The most scenic coastal walks in Devon

A walking holiday in Devon is a must for everybody. Simply because much of the coastline in North Devon and South Devon remains unspoiled with few developments or large towns on the waterfront. Follow the South West Coast Path at the edge of the land and discover with us some unrivalled scenic stretches of coastline that can only be reached on foot and other parts that are easily accessible to those in need of a less challenging outing.

Coastal Walks

Stay in a Devon cottage; we have self-catering accommodation on both coasts. Perfect for wayfarers, our holiday cottages in North Devon and South Devon offer comfortable living spaces to recharge after a long day of touring. Discover restful bedrooms, room for storing your outdoor clothing and in many cases a luxury hot tub and a wood burner. Bring your dog along, as we also have a high number of coastal properties in Devon that warmly welcome pets too.

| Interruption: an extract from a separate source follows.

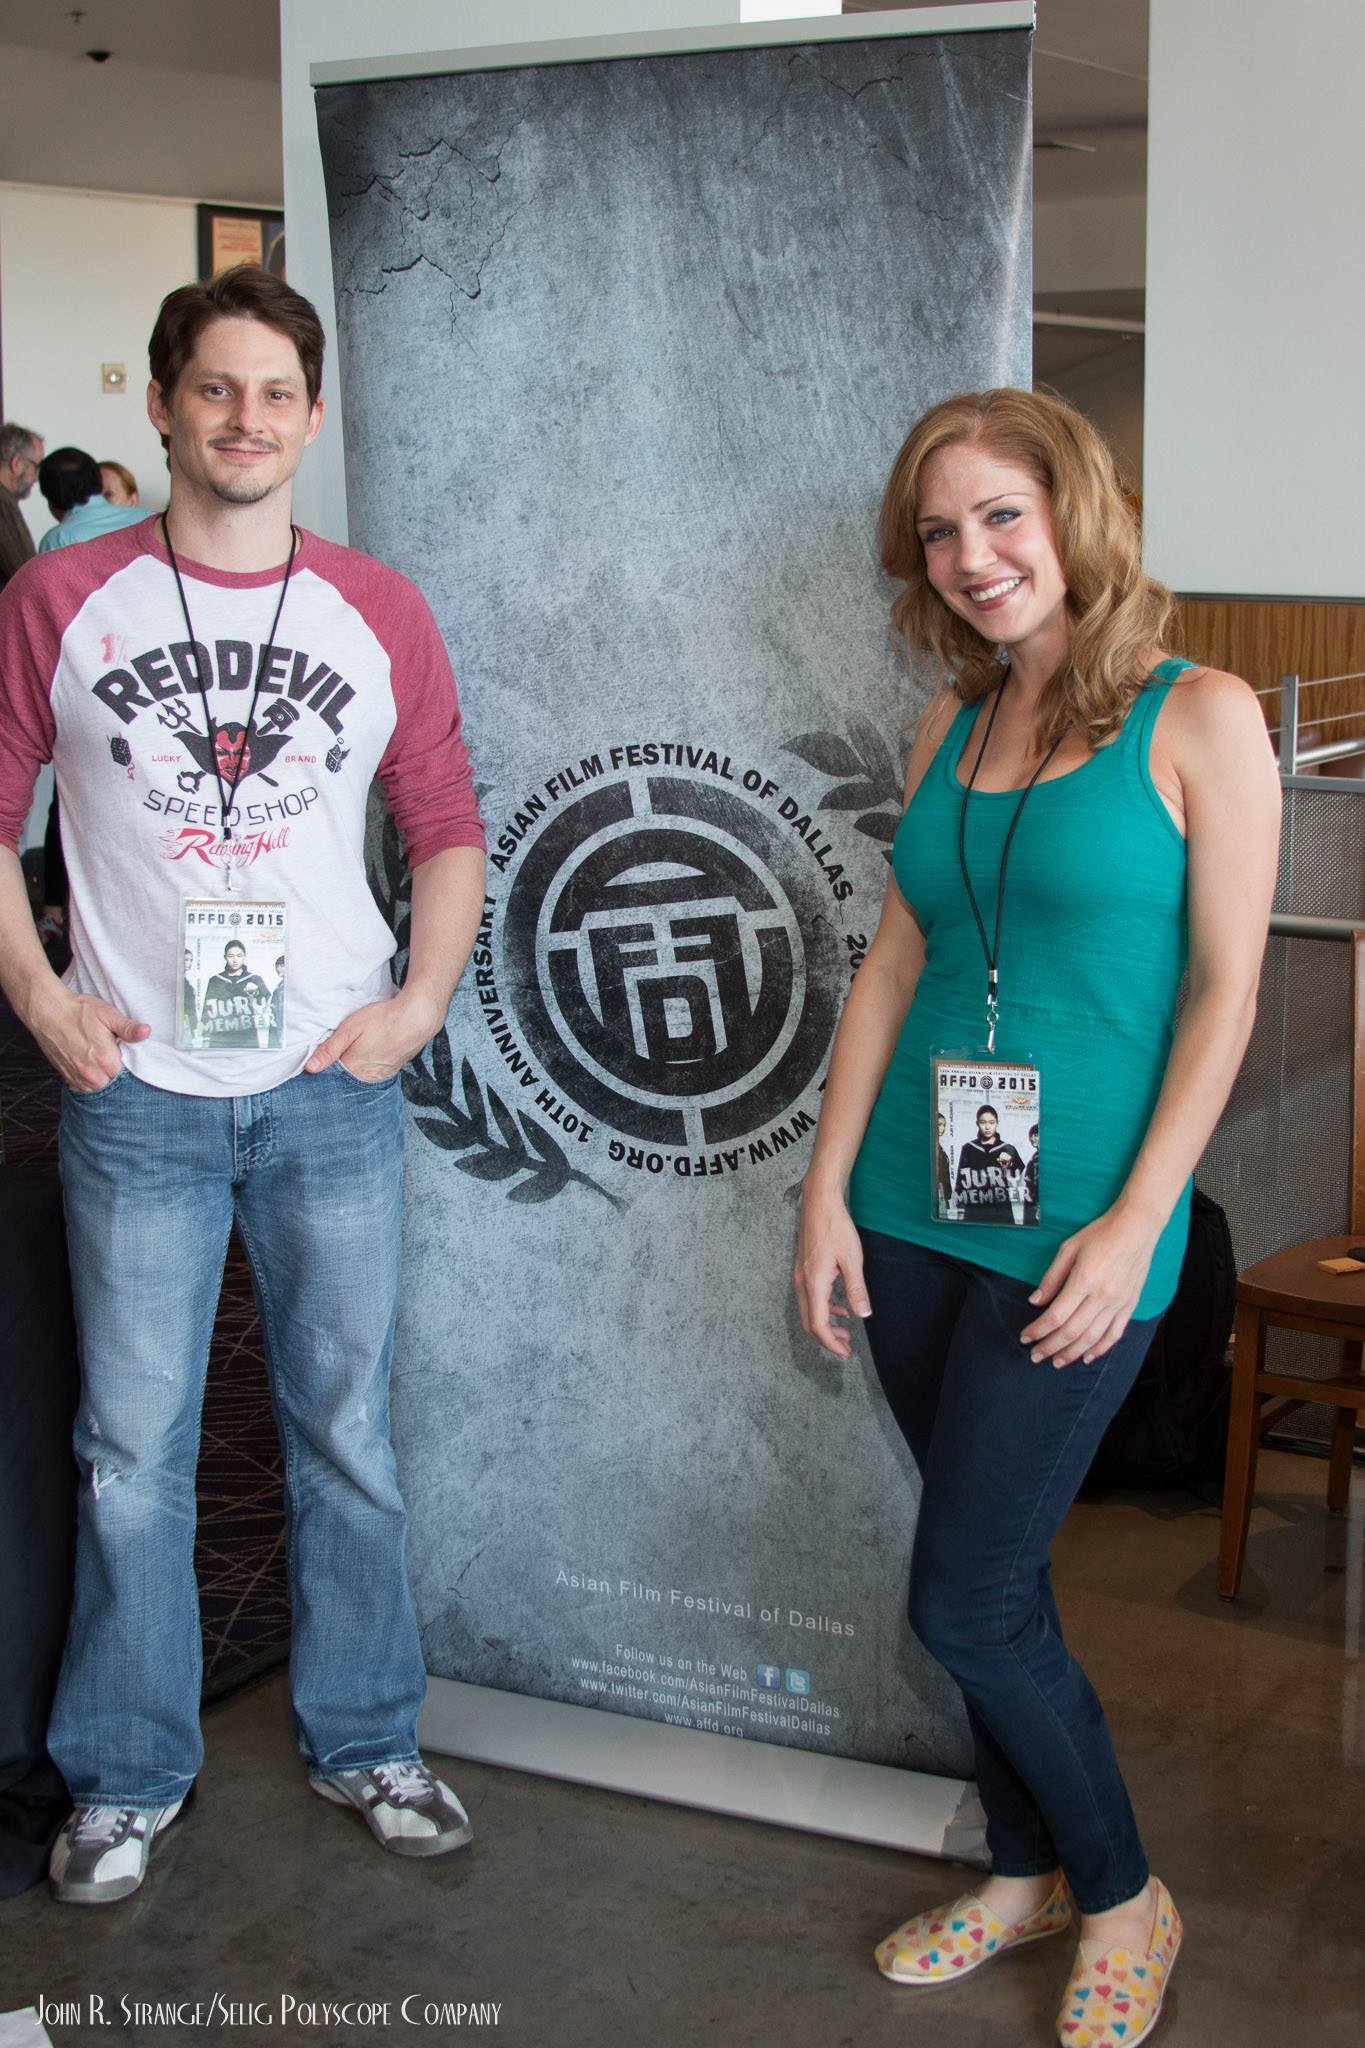 Stephen Brodie and Cassie Shea Watson at the 2015 Asian Film Festival of Dallas

North Devon’s most scenic walks

Mortehoe to Bull Point Lighthouse

Difficulty: Easy to moderate

Distance: 3-4 miles

Mortehoe

Mortehoe is a small coastal village close to a large rocky peninsula that juts out into the Bristol Channel and Bideford Bay, 1.5 miles from Woolacombe. As the path winds its way along the coast you will be able to enjoy views of Lundy, which is an island 10 miles out to sea. Secret beaches, coves and old groundworks for WW2 fortifications are beautiful points of interest along the way. Rockham Beach is featured in Henry Williamson’s adorable novel Tarka the Otter where it mentions the wreck of an old steamer and other ships, long buried by the sands over the decades. The lighthouse sits to the east, and after some steady climbs and descents, you can turn back inland to Mortehoe for a well-deserved pint in the pub.

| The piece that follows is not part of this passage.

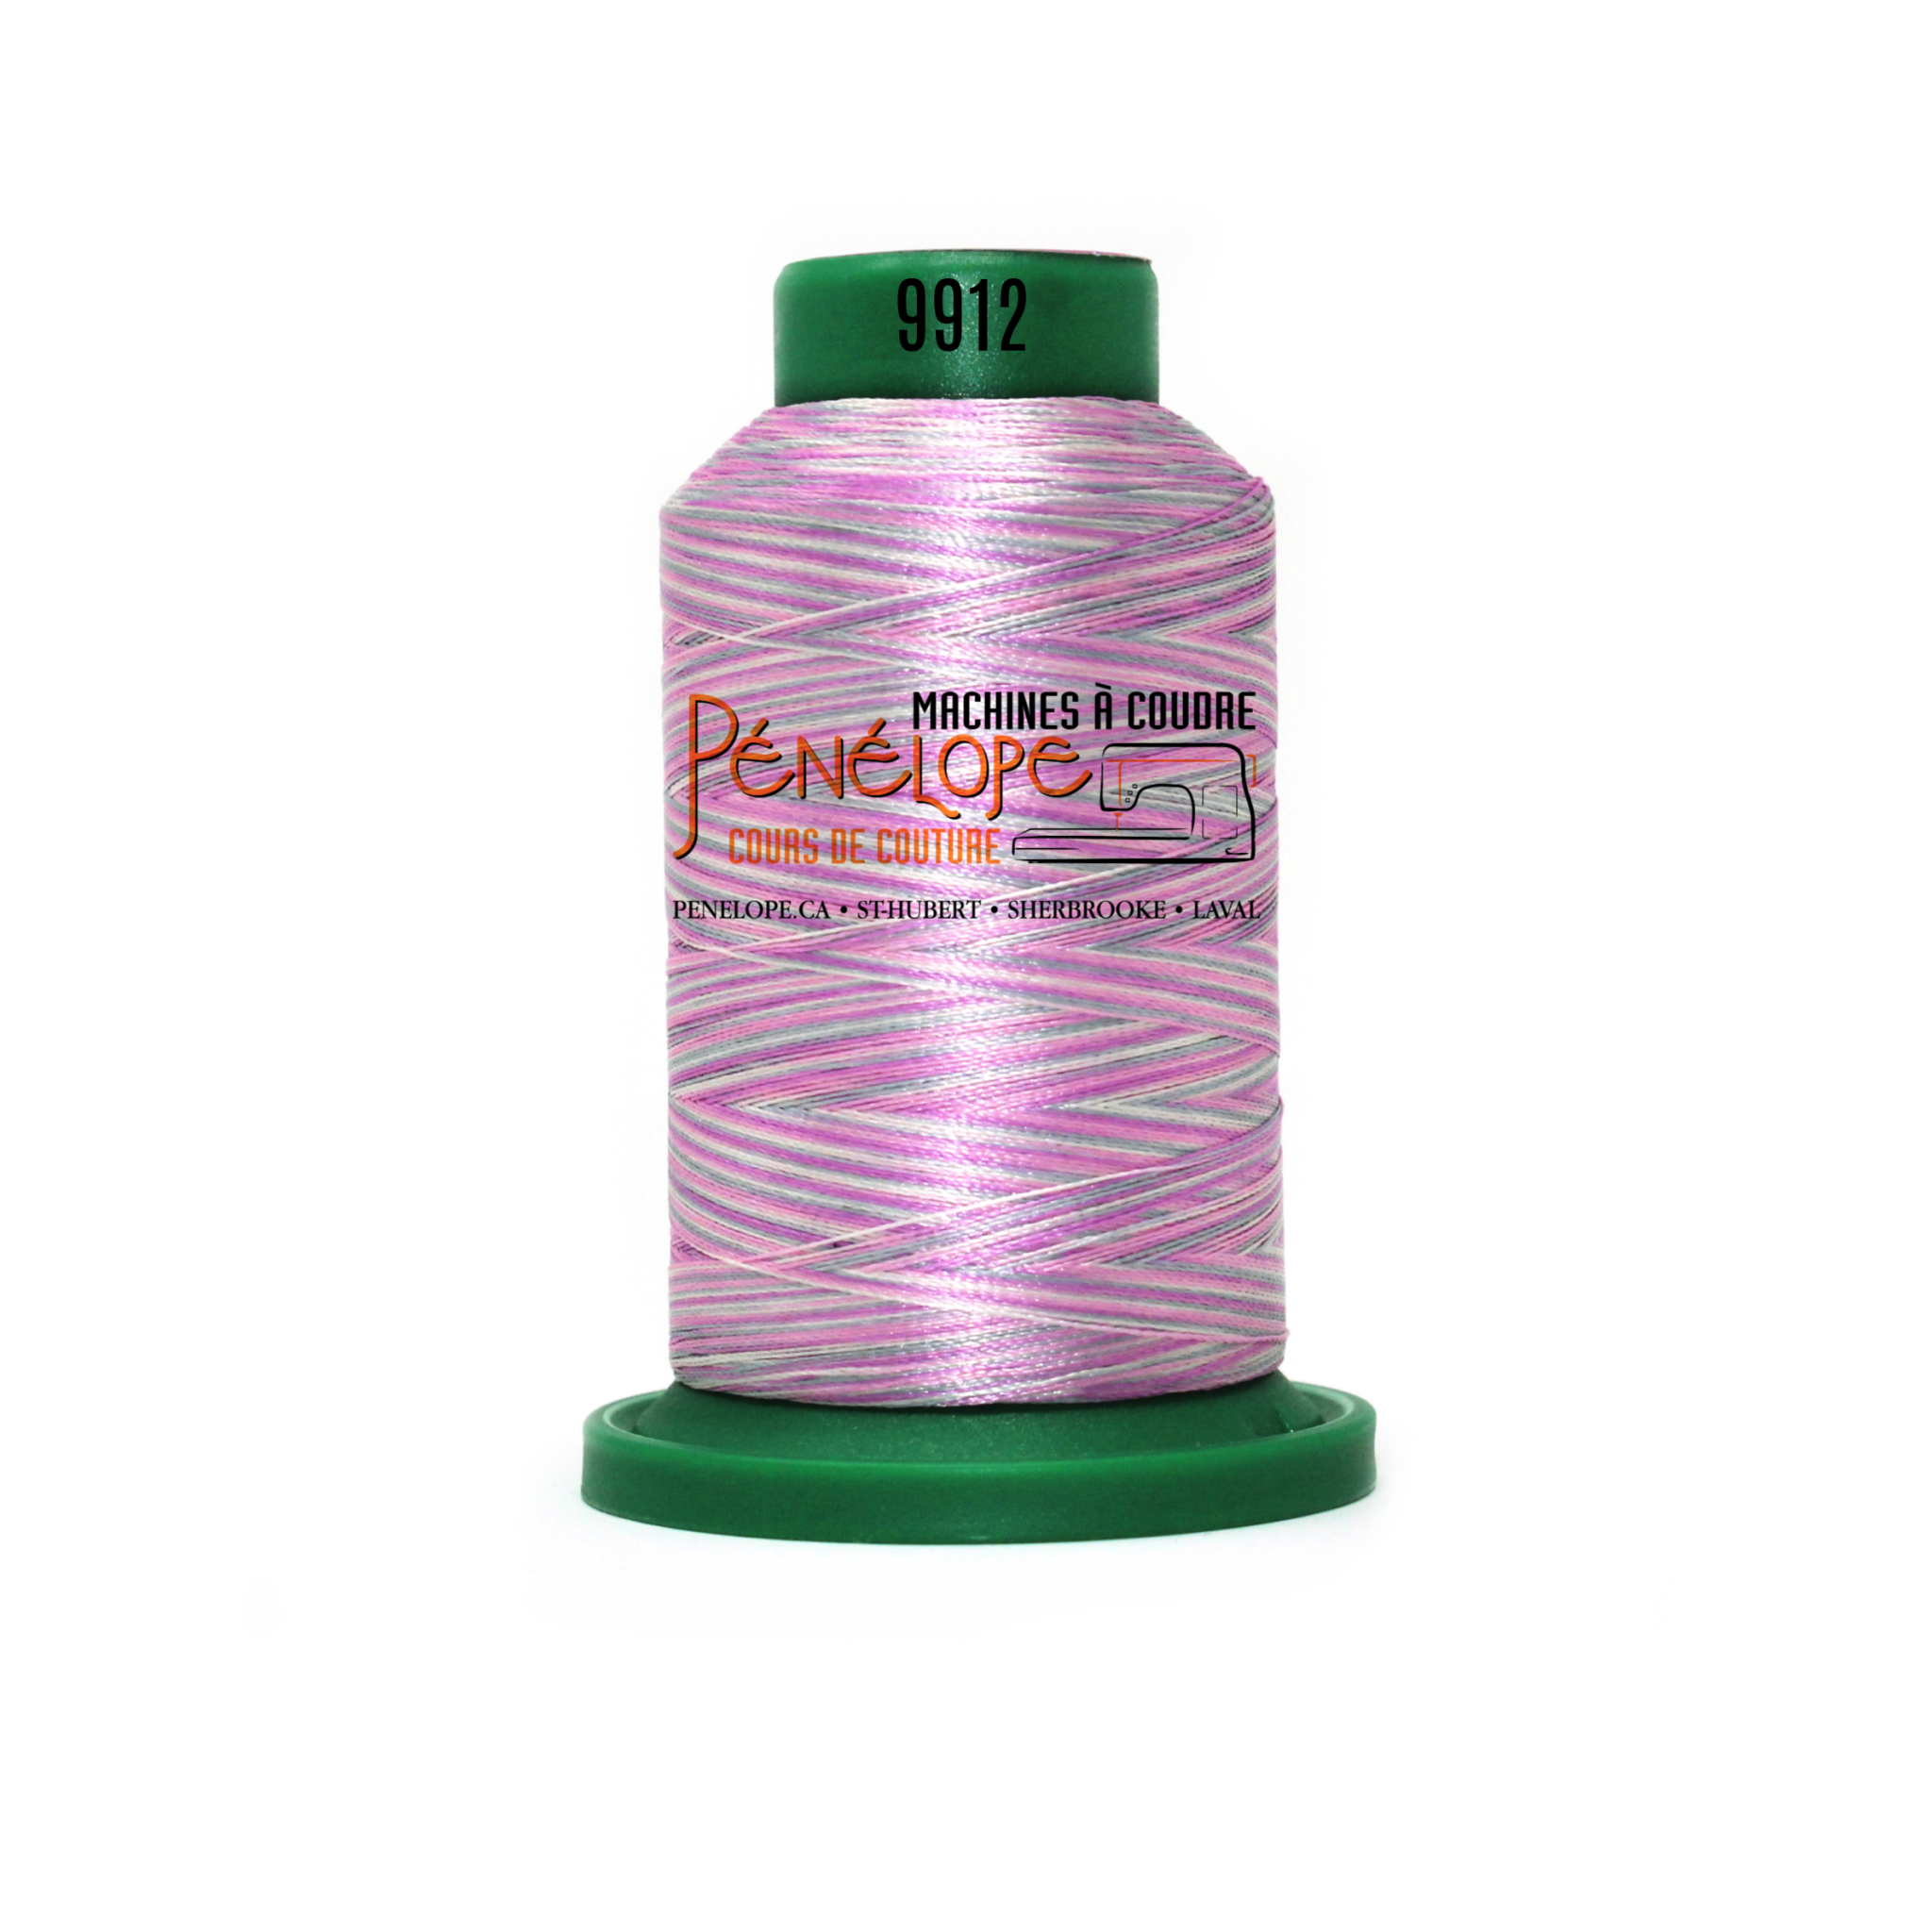 Isacord Isacord multicoloured sewing and embroidery thread 9912 1000m

Stay in: Oceans Away | Sleeps: 6 guests 

Croyde Bay and Baggy Point

Difficulty: Easy to moderate

Distance: 3 miles

Croyde

Croyde is one of the world’s most famous surfing beaches, and with lots of beautiful spots to stop and watch the waves roll in and the board riders perfect their majesty, we thoroughly recommend this section of the South West Coast Path. There are several routes over Baggy Point but we recommend the long way around the edge. There are wonderful views all across Bideford Bay to the lighthouse at Hartland Point. The path on the northside of Baggy Point offers even more grand views of the long wide stretch of Putsborough Beach that merges with Woolacombe Beach to the north. There’s a pleasant café at Putsborough where you could enjoy a light lunch after some time playing on the beach. Head back over the hill for pure Devonshire countryside and the centre of Croyde village with even more pubs and places to eat and drink with a really relaxed vibe.

Stay in: Lane Head | Sleeps: 6 guests 

Westward Ho! and Kipling Tors

Difficulty: Moderate

Distance: 4-mile circuit to Greenscliff and back via the South West Coast Path

Kipling Tors

It is a little-known fact that the famous author Rudyard Kipling went to boarding school in Westward Ho! The school has gone, having been turned into apartments, yet the hillsides that roll down to the sea just west of the village bear his name. It’s said that he used to spend his time walking the hills by himself. If you follow the South West Coast Path out of the village past the Pier House, you will see a path that rises up the side of the hill taking you up and over Kipling Tors. It’s quite a climb but the views are terrific. Eventually, the trail leads back down the hill to meet the South West Coast Path where new views of the lesser-populated end of Bideford Bay awaits. The only settlements before reaching the Cornish border are the tiny Buck’s Mills, Clovelly and Hartland Quay. Kipling Tors positions you at the eastern end of one of the longest unspoiled stretches of woodland cliffs in England.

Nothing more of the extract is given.